Ankylosing spondylitis (AS) is a type of arthritis characterized by long-term inflammation of the joints of the spine typically where the spine joins the pelvis. Occasionally areas affected may include other joints such as the shoulders or hips. Eye and bowel problems may occur as well as back pain. Joint mobility in the affected areas generally worsens over time.

Although the cause of ankylosing spondylitis is unknown, it is believed to involve a combination of genetic and environmental factors. More than 85% of those affected in the UK have a specific human leukocyte antigen known as the HLA-B27 antigen. The underlying mechanism is believed to be autoimmune or autoinflammatory. Diagnosis is typically based on the symptoms with support from medical imaging and blood tests. AS is a type of seronegative spondyloarthropathy, meaning that tests show no presence of rheumatoid factor (RF) antibodies.

There is no known cure for AS. Treatments may include medication, exercise, physical therapy, and in rare cases surgery. Medications used include NSAIDs, steroids, DMARDs such as sulfasalazine, and biologic agents such as TNF inhibitors.

Approximately 0.1% to 0.8% of all humans are affected with onset typically occurring in young adults. Males and females are equally affected; however, women are more likely than men to experience inflammation rather than fusion.

Signs and symptoms

The signs and symptoms of ankylosing spondylitis often appear gradually, with peak onset between 20 and 30 years of age. Initial symptoms are usually a chronic dull pain in the lower back or gluteal region combined with stiffness of the lower back. Individuals often experience pain and stiffness that awakens them in the early morning hours.

As the disease progresses, loss of spinal mobility and chest expansion, with a limitation of anterior flexion, lateral flexion, and extension of the lumbar spine are seen. Systemic features are common with weight loss, fever, or fatigue often present. Pain is often severe at rest but may improve with physical activity. Inflammation and pain may recur to varying degrees regardless of rest and movement.

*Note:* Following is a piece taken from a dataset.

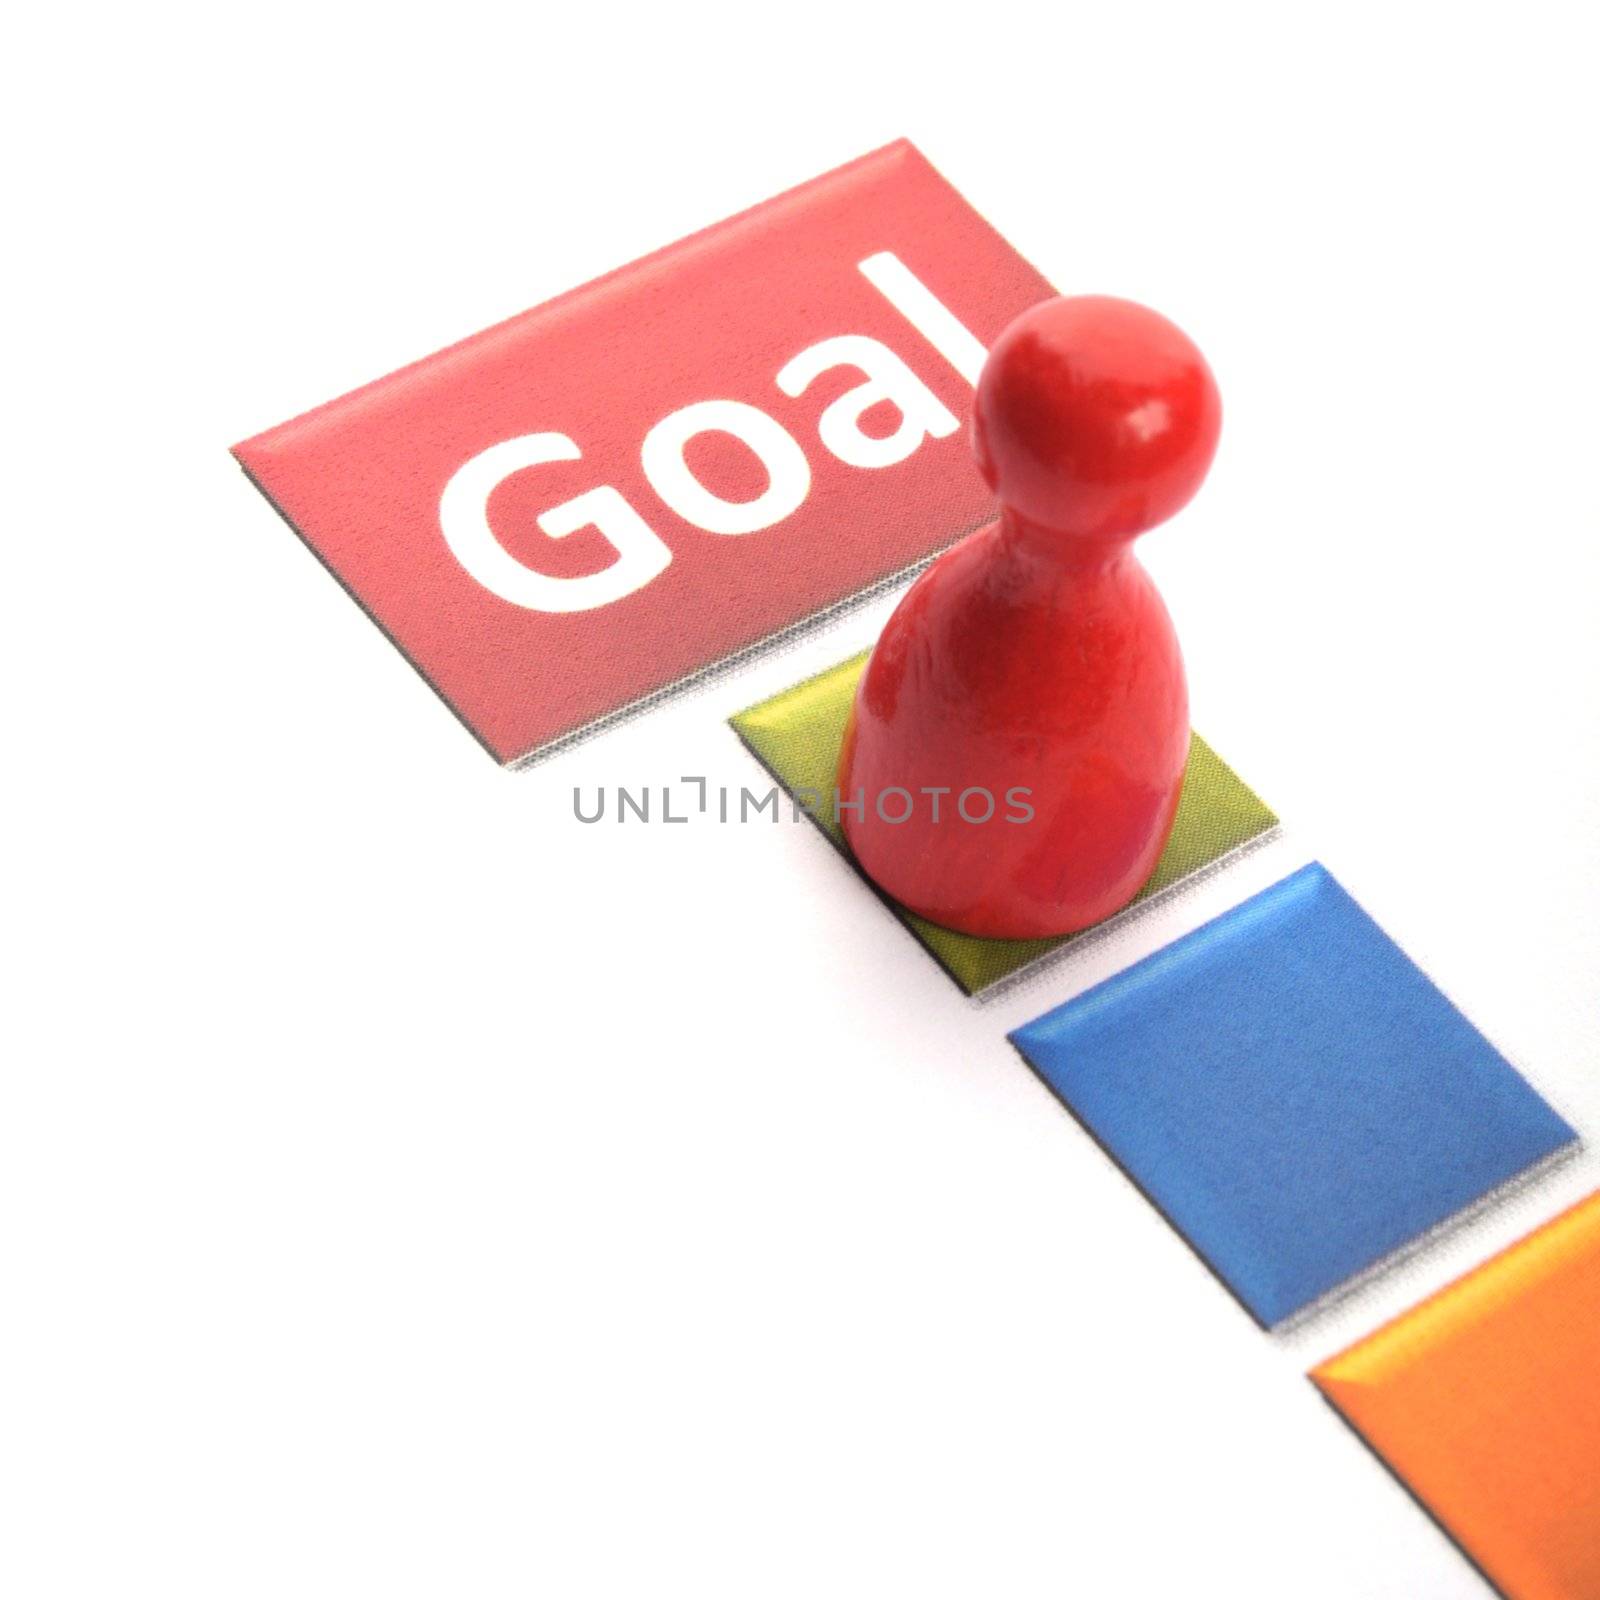 goal by gunnar3000

AS can occur in any part of the spine or the entire spine, often with pain localized to either buttock or the back of the thigh from the sacroiliac joint. Arthritis in the hips and shoulders may also occur. When the condition presents before the age of 18, AS is more likely to cause pain and swelling of large lower limb joints, such as the knees. In prepubescent cases, pain and swelling may also manifest in the ankles and feet where heel pain and enthesopathy commonly develop. Less common occurrences include ectasia of the sacral nerve root sheaths.

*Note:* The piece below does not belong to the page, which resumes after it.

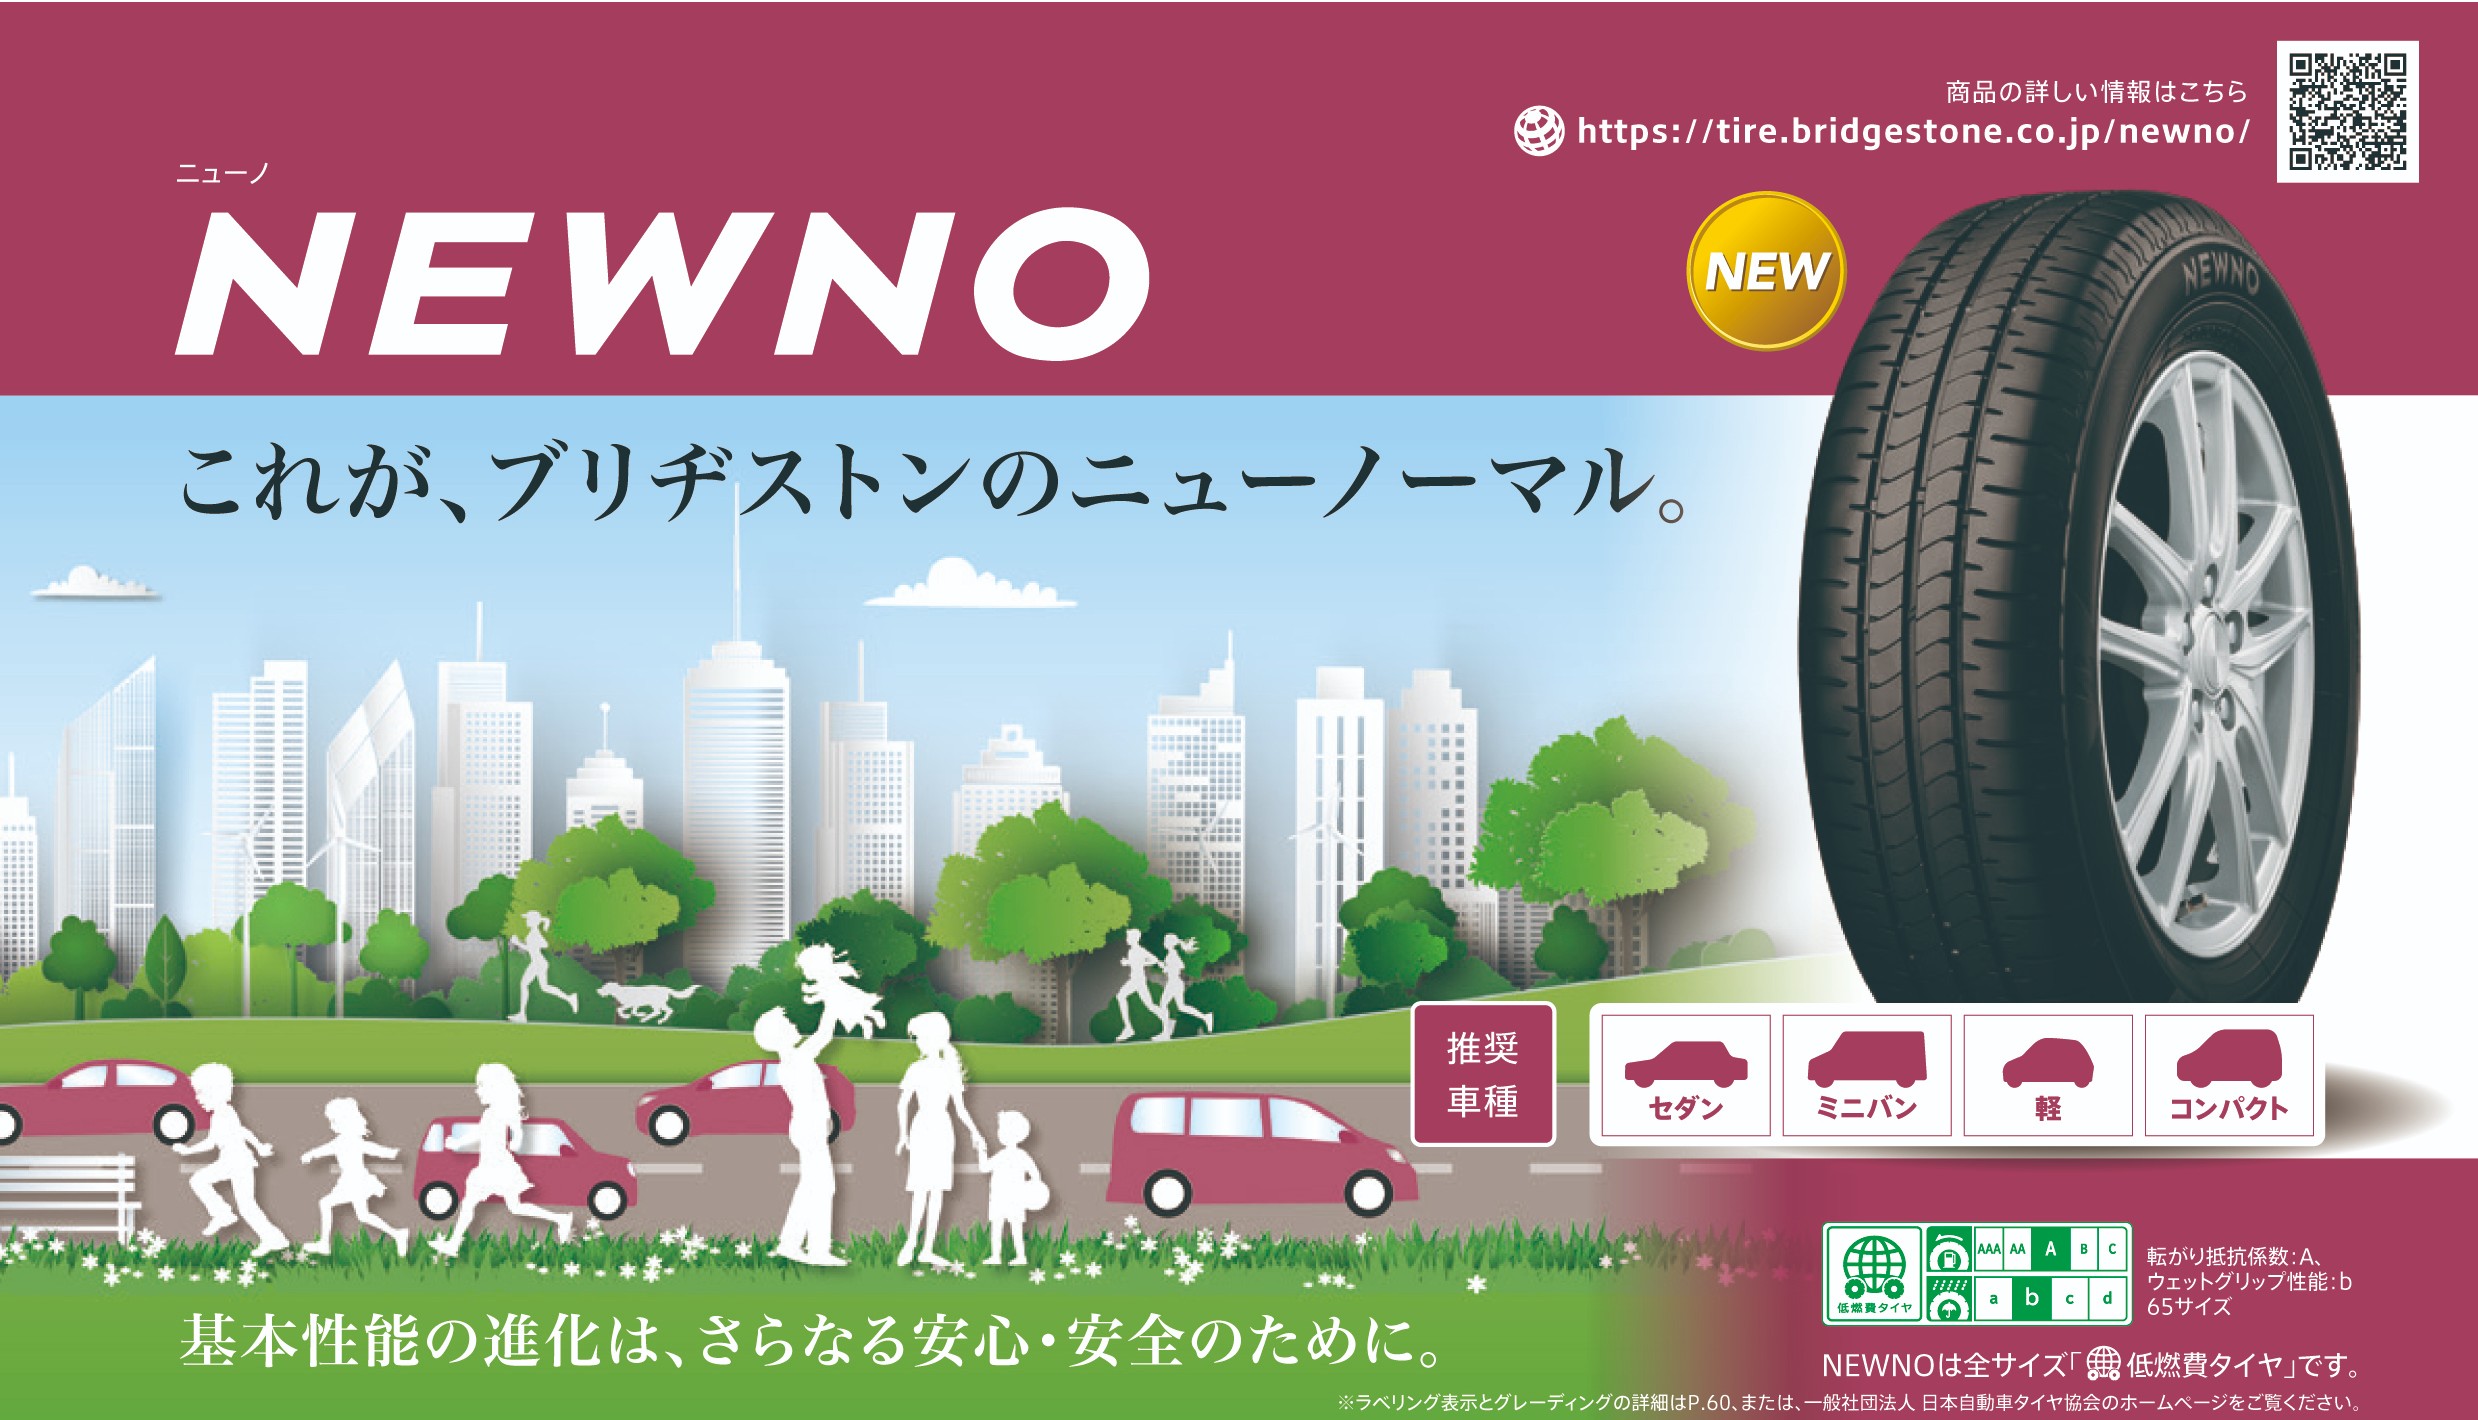 ★NWENO(ニューノ)★ | タイヤ | 商品情報 | タイヤ館 かわごえ

About 30% of people with AS will also experience anterior uveitis causing eye pain, redness, and blurred vision. This is thought to be due to the association that both AS and uveitis have with the presence of the HLA-B27 antigen. Cardiovascular involvement may include inflammation of the aorta, aortic valve insufficiency or disturbances of the heart's electrical conduction system. Lung involvement is characterized by progressive fibrosis of the upper portion of the lung.

Pathophysiology

Ankylosing spondylitis (AS) is a systemic rheumatic disease, meaning it affects the entire body. 1–2% of individuals with the HLA-B27 genotype develop the disease.  Tumor necrosis factor-alpha (TNF α) and Interleukin 1 (IL-1) are also implicated in ankylosing spondylitis. Autoantibodies specific for AS have not been identified. Anti-neutrophil cytoplasmic antibodies (ANCAs) are associated with AS, but do not correlate with disease severity.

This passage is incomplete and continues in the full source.